● What you should do
In the entries that follow, find the line containing "Patient Guide All" and the line containing "Real Country - Vol. Four", then retype exactly the lines from the first through the second, pictures excluded.

● Material for this task
===============

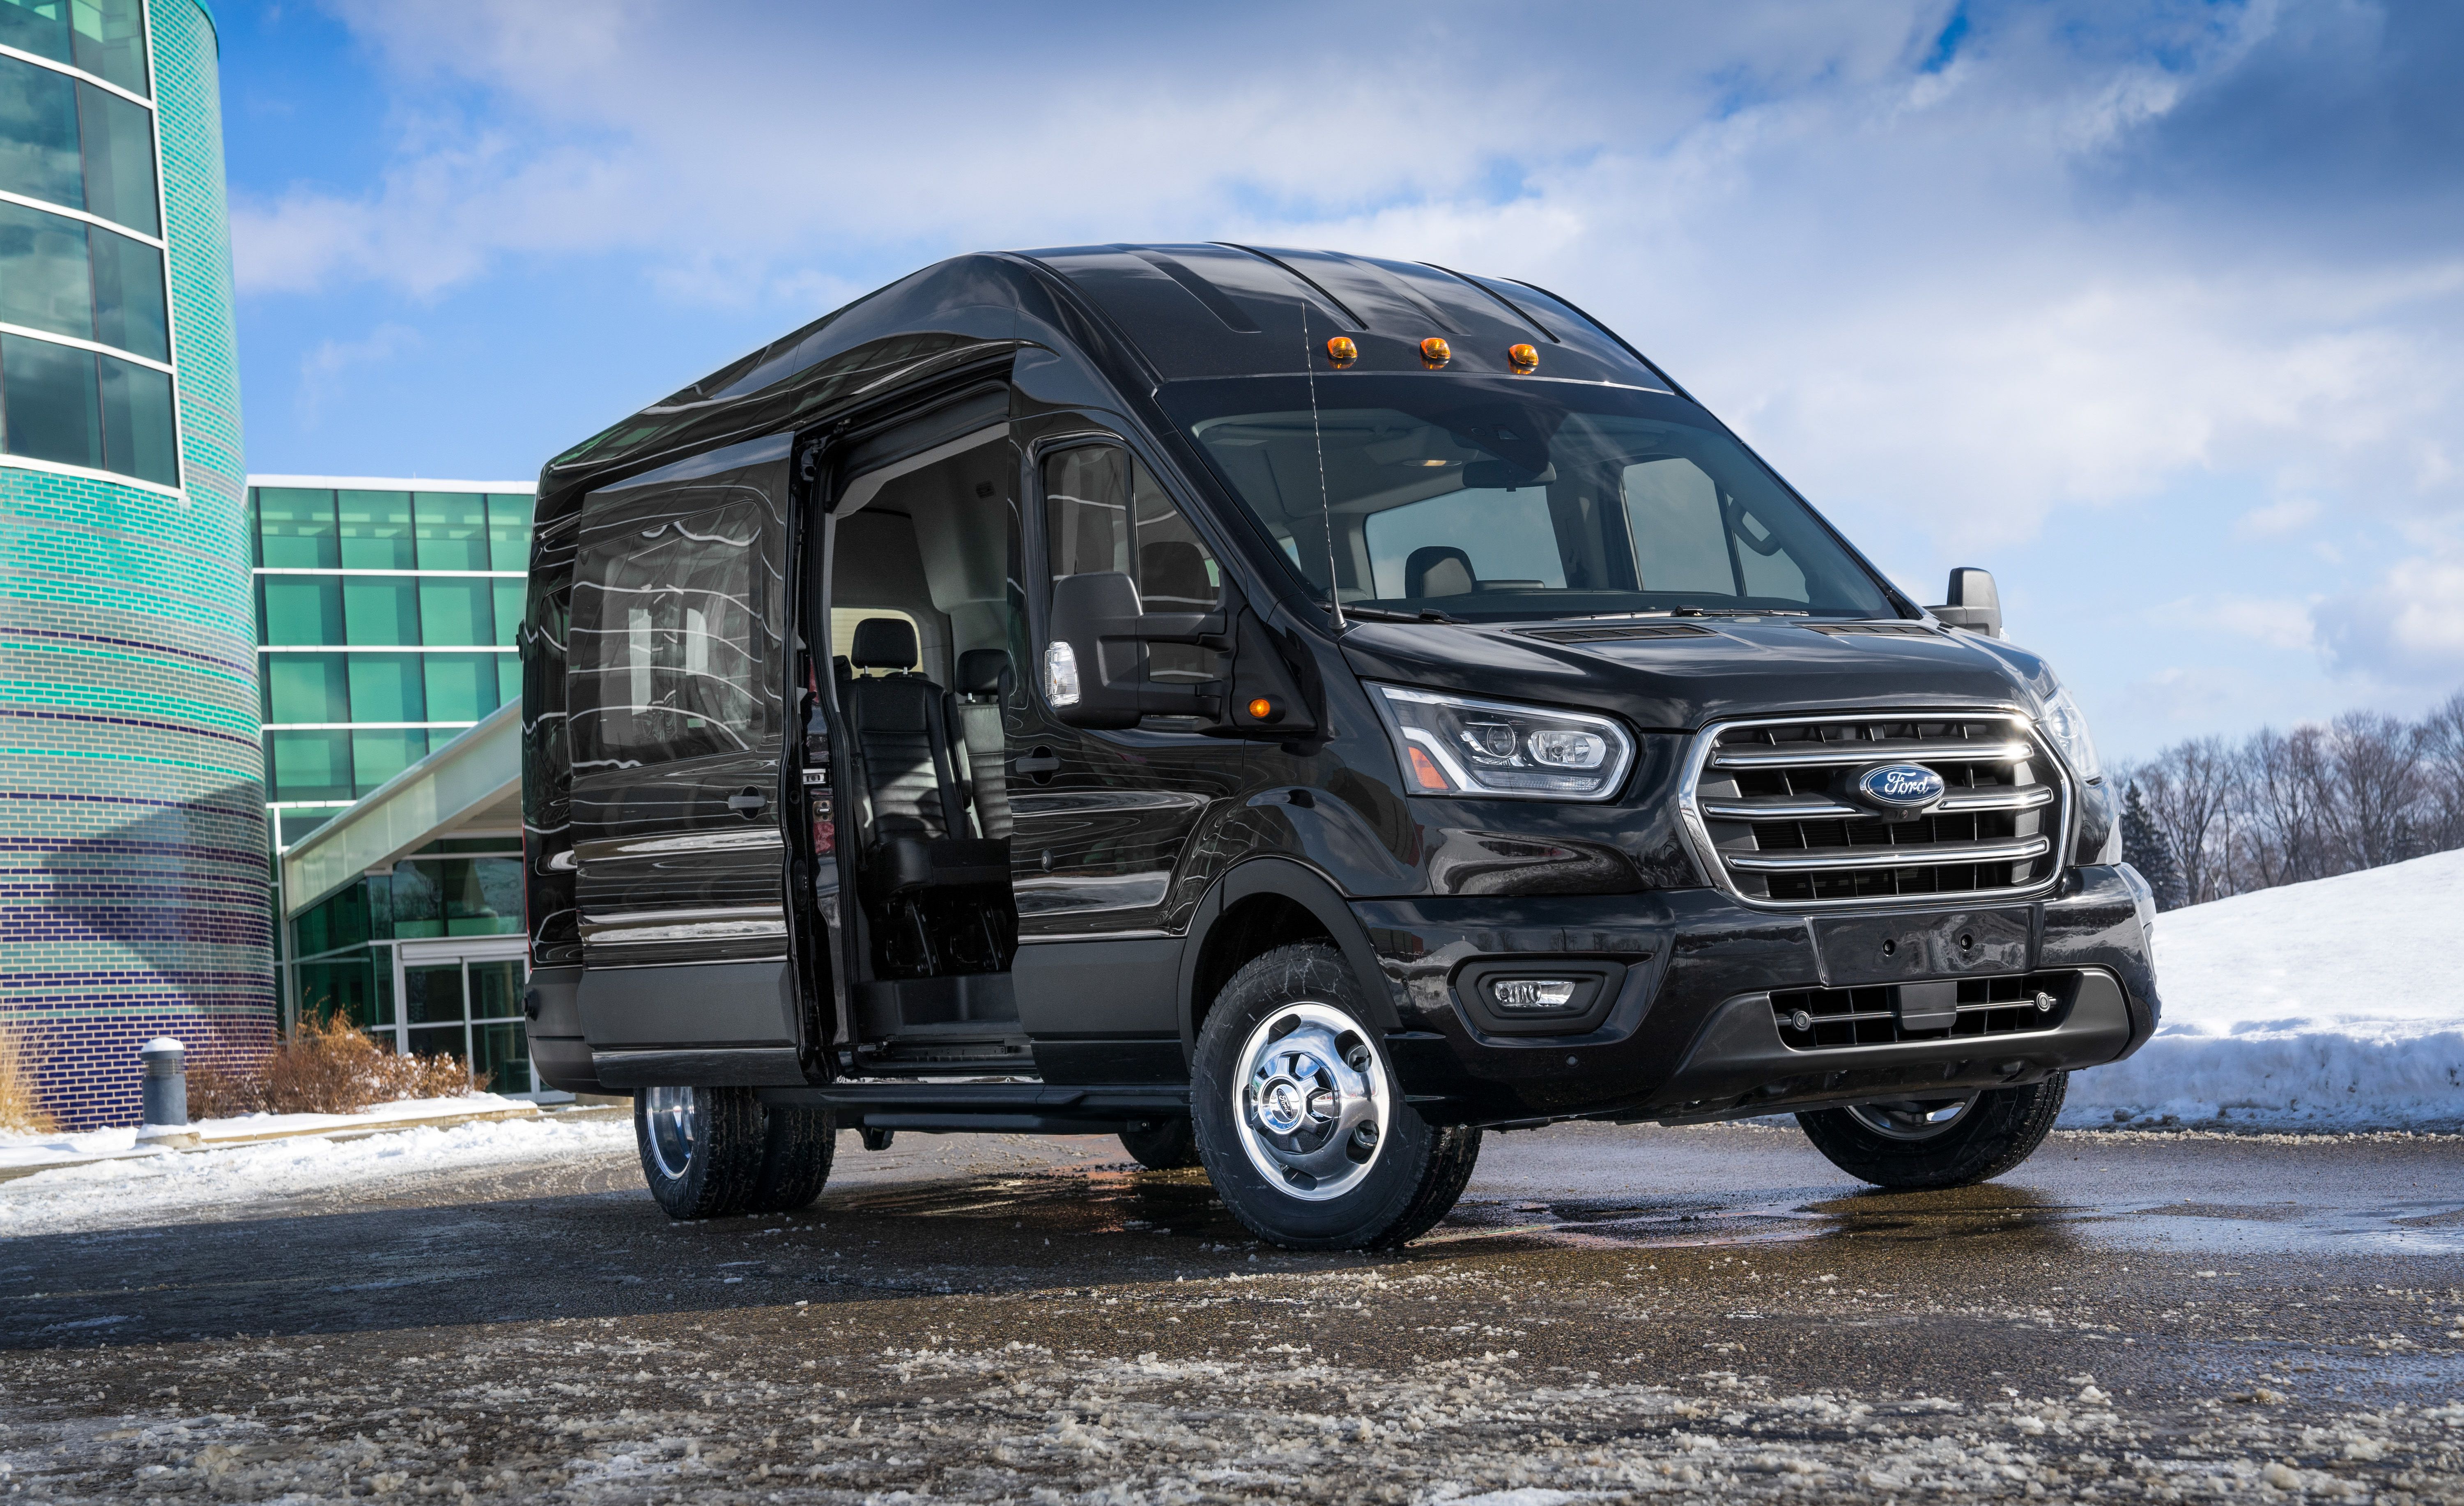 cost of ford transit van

===============

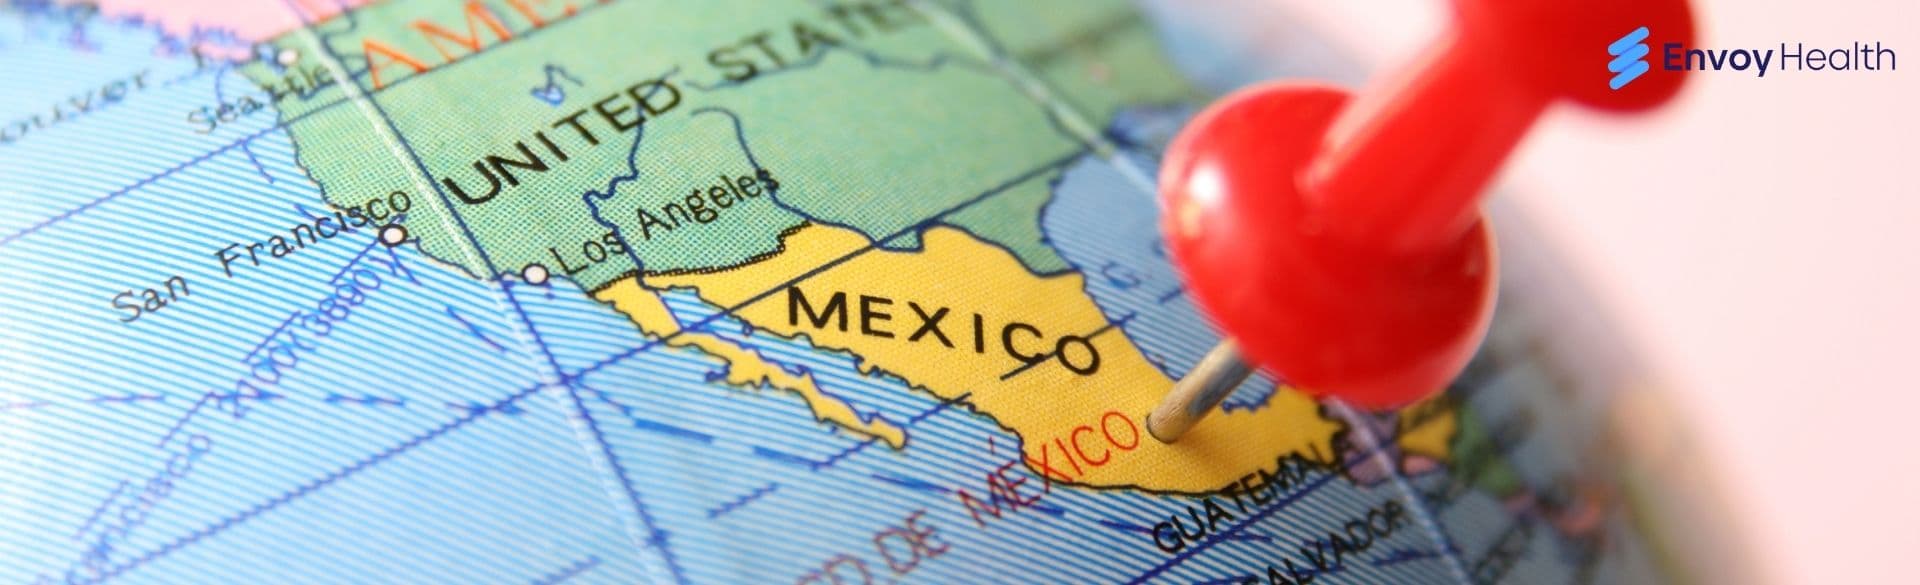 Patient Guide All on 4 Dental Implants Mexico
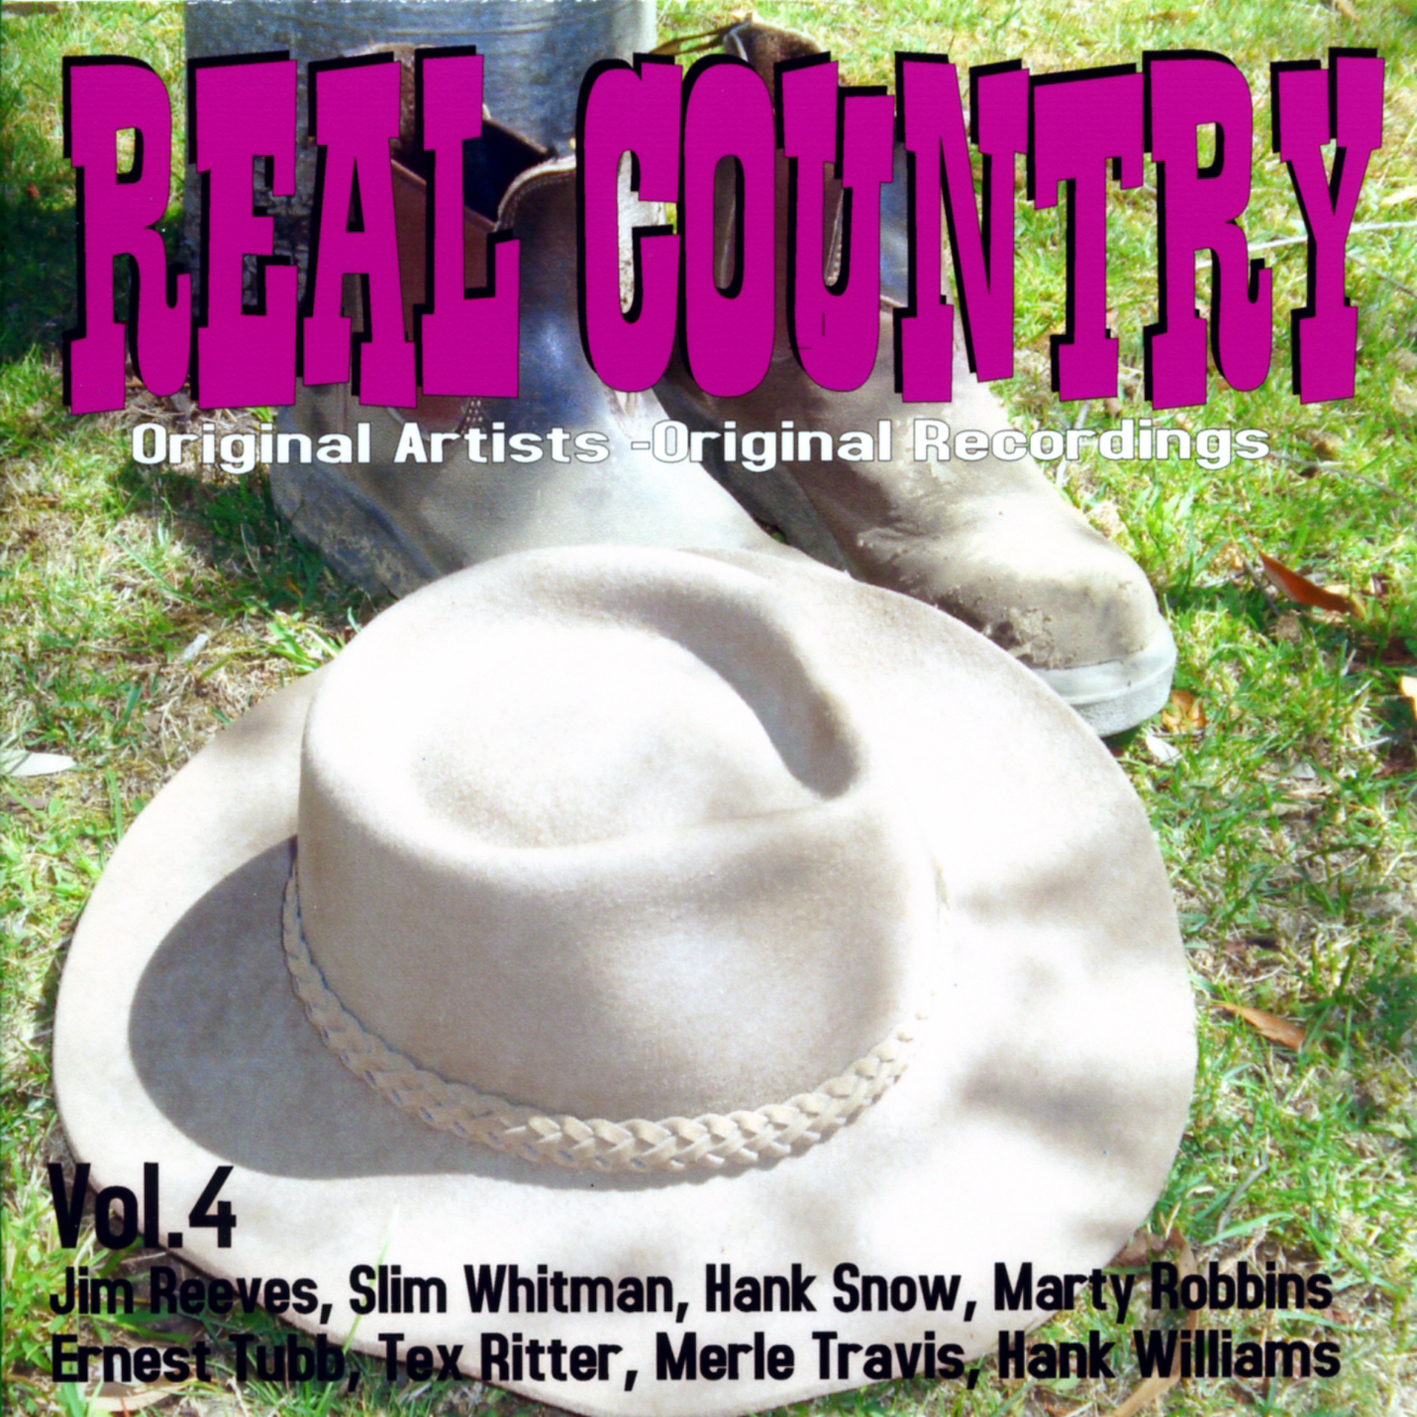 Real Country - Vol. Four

===============

● Output
 Patient Guide All on 4 Dental Implants Mexico
 Real Country - Vol. Four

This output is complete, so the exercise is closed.